Over the past two weeks Istanbul Conflicts From Afar received some attention and even kudos.  On July 10, WordPress (the hosts of Bubkes.Org) featured the post in their “Freshly Pressed” listing of read-worthy blog activity.  On July 20, Doc Searls of the Berkman Center for Internet and Society at the law school of Harvard University included it in a string of quotes summarizing a selection of my postings to date.  More important, Doc  tracked down the US Public Radio broadcast (“Great Expectorations”) that revealed the suspect origins of the malicious and overused “spat upon Vietnam vet” urban legend.  To read the full transcript of the the broadcast click here.

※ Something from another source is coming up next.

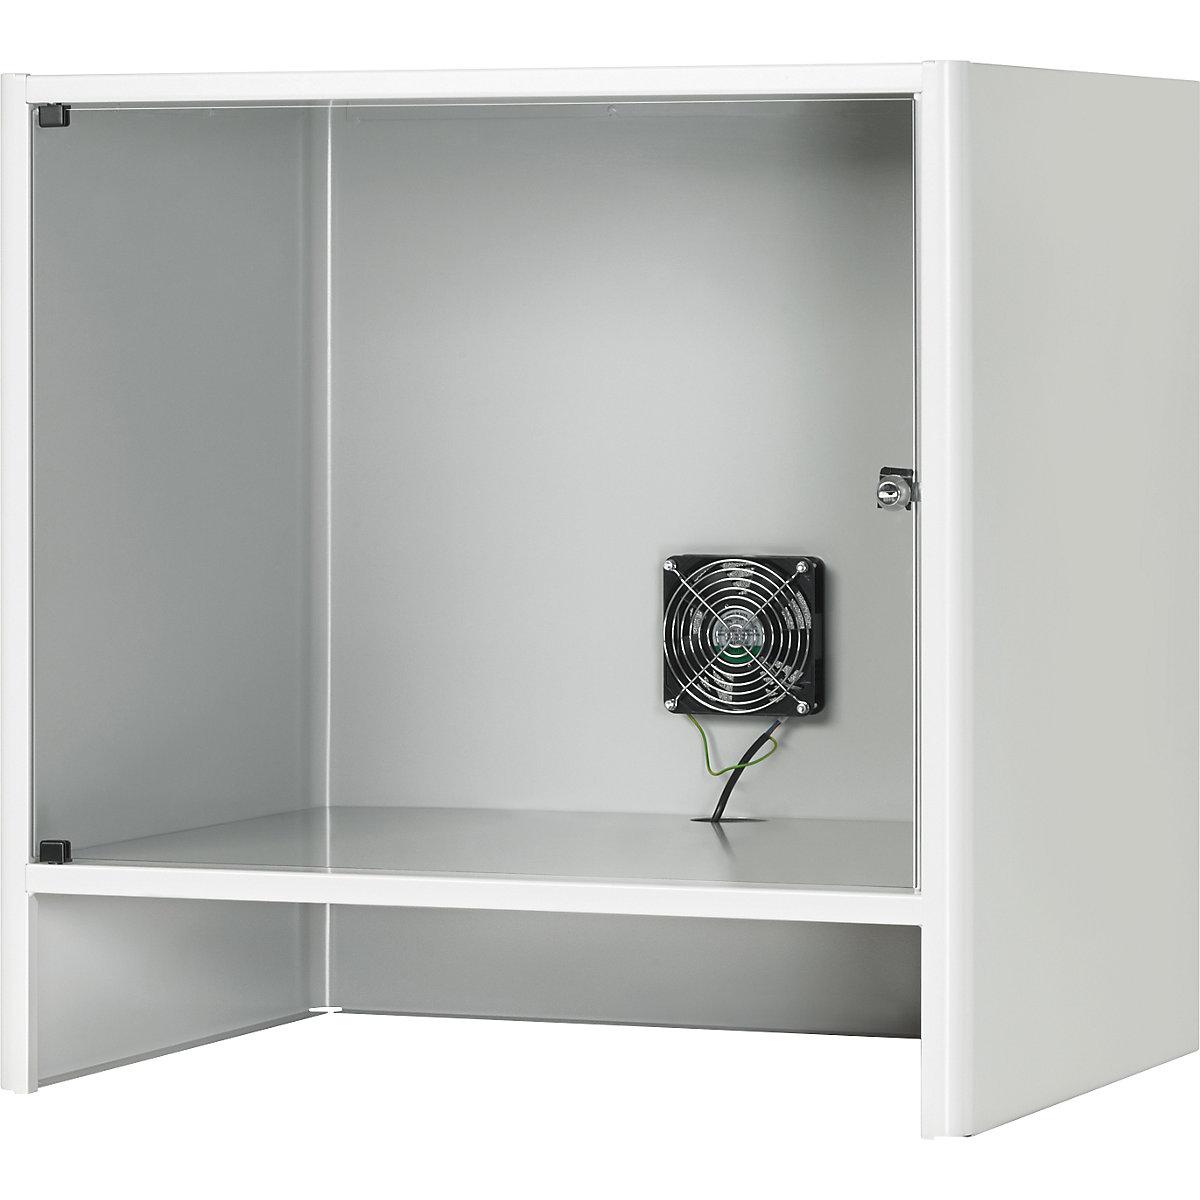 Monitor housing with integrated ventilation fan - RAU

Linux Journal and Working Class New York

By coincidence, only a few days before Doc posted his review of Bubkes.Org, I received an email from the urban, water, and infrastructure expert mentioned in my post Istanbul: Water, Fountains, Taksim, and Infrastructural Tourism.  In his email, the expert included this link to another mention of me by Searls in a 2008 piece for Linux journal.  In the 2008 article, Doc referred to a posting to my old weblog Hakpaksak in which I quoted from Joshua Freeman’s excellent book Working Class New York on the appeal of what remains of the unique character, ethos, and capabilities of New York City as it was prior to the rise and fall of the financial sector.  The collision of the New York of heavy lifting and manual skills with the New York of trading floors and computer screens remains for me a subject of ongoing observation that colors my portrayals, written and photographic, of cities my native New York, Istanbul, and my very own private bench-scale urban laboratory of sorts: Sofia, Bulgaria.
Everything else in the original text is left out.